No atual contexto do estado do Rio de Janeiro é importante destacar a criação da
Secretaria Estadual de Prevenção à Dependência Química, criação esta que afirma uma
proposta desarticulada das Secretarias de Saúde e Assistência Social e Direitos
Humanos para o desenvolvimento de políticas públicas de cuidado no que tange ao uso
prejudicial de álcool e outras drogas. A nova secretaria será a responsável pela gestão,
por exemplo, dos Centros Regionais de Atendimento a Usuários de Álcool e outras
Drogas (CARE-AD), atualmente exercida pela Secretaria Estadual de Assistência Social e
Direitos Humanos (SEASH/RJ), política pública para cuja execução são conveniadas
entidades filantrópicas caracterizadas por serem Comunidades Terapêuticas. A criação
da Secretaria vem acompanhada de um cenário nacional de fortalecimento destas
clínicas a partir de convênios com os estados, como os financiamentos oriundos do
governo federal, como parte do programa “Crack, é possível vencer”, liberando R$ 130
milhões pela Secretaria Nacional de Políticas sobre Drogas (Senad) e R$ 100 milhões
pelo Ministério da Saúde.
O município reforça essa direção da política com a intensificação das medidas de
recolhimento compulsório da população em situação de rua, justificada pelo já referido
“problema do crack”, ou com a proliferação de projetos de leis municipais na Câmara
de Vereadores, como é o caso do PL 1354/2012, de autoria do vereador João Mendes
de Jesus (PRB/RJ). Neste sentido, em 19 de fevereiro deste ano, a prefeitura realizou
uma megaoperação de recolhimento de adultos no Parque União, afirmando pelos
grandes veículos de comunicação que iniciaria a política de internação da população
em situação de rua supostamente em uso problemático de drogas. Cabe assinalar que
seria o início das ações de internação forçada de adultos, já que crianças e
adolescentes são recolhidos das ruas e internados forçadamente, desde 2011.

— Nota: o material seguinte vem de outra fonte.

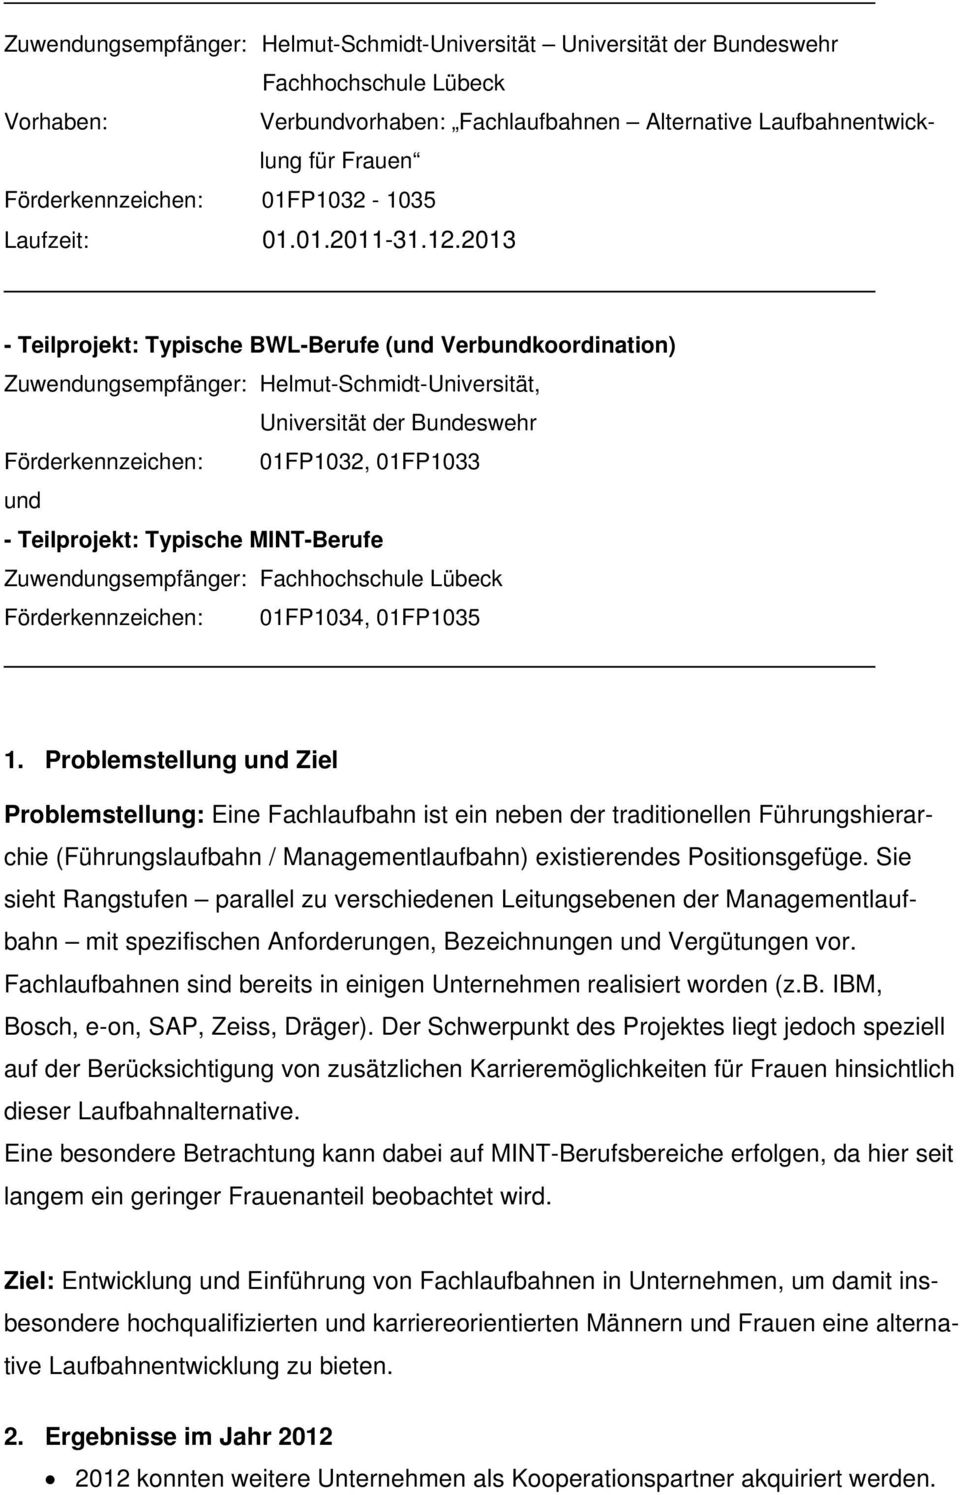 2013 - Teilprojekt: Typische BWL-Berufe (und Verbundkoordination) Zuwendungsempfänger: Helmut-Schmidt-Universität, Universität der Bundeswehr Förderkennzeichen: 01FP1032, 01FP1033 und - Teilprojekt:

A intensa mobilização social gerada a partir das ações da prefeitura a
redirecionaram, entretanto, obrigou a um certo recuo na direção que vinha sendo
dada às políticas com relação às drogas, especialmente o crack. Foi criada uma nova
Superintendência de Saúde Mental no âmbito da Secretaria Municipal de Saúde e
apresentado um Plano Municipal de Atendimento a Usuários de Álcool e Outras
Drogas, prevendo a expansão da rede CAPS e Unidades de Acolhimento, entre outras
6
medidas nos marcos da Reforma Psiquiátrica.
Vale destacar que é recorrente o discurso de que as Comunidades Terapêuticas
desenvolveram-se “no vácuo do Estado”, diante da suposta ausência de respostas para
os problemas decorrentes do uso de drogas. Cabe questionar, no entanto, o motivo de
tal ausência, uma vez que as políticas públicas de saúde mental formuladas nos marcos
da Reforma Psiquiátrica há tempos desenvolveram propostas de atenção aos usuários
de álcool e outras drogas1. Tais propostas, contudo, muito pouco foram implementadas
ao longo dos últimos anos e a execução dessas políticas através das referidas
instituições não pode ser considerada como concretização da obrigação do Estado em
implementar uma rede efetiva que substitua as internações como primeira opção.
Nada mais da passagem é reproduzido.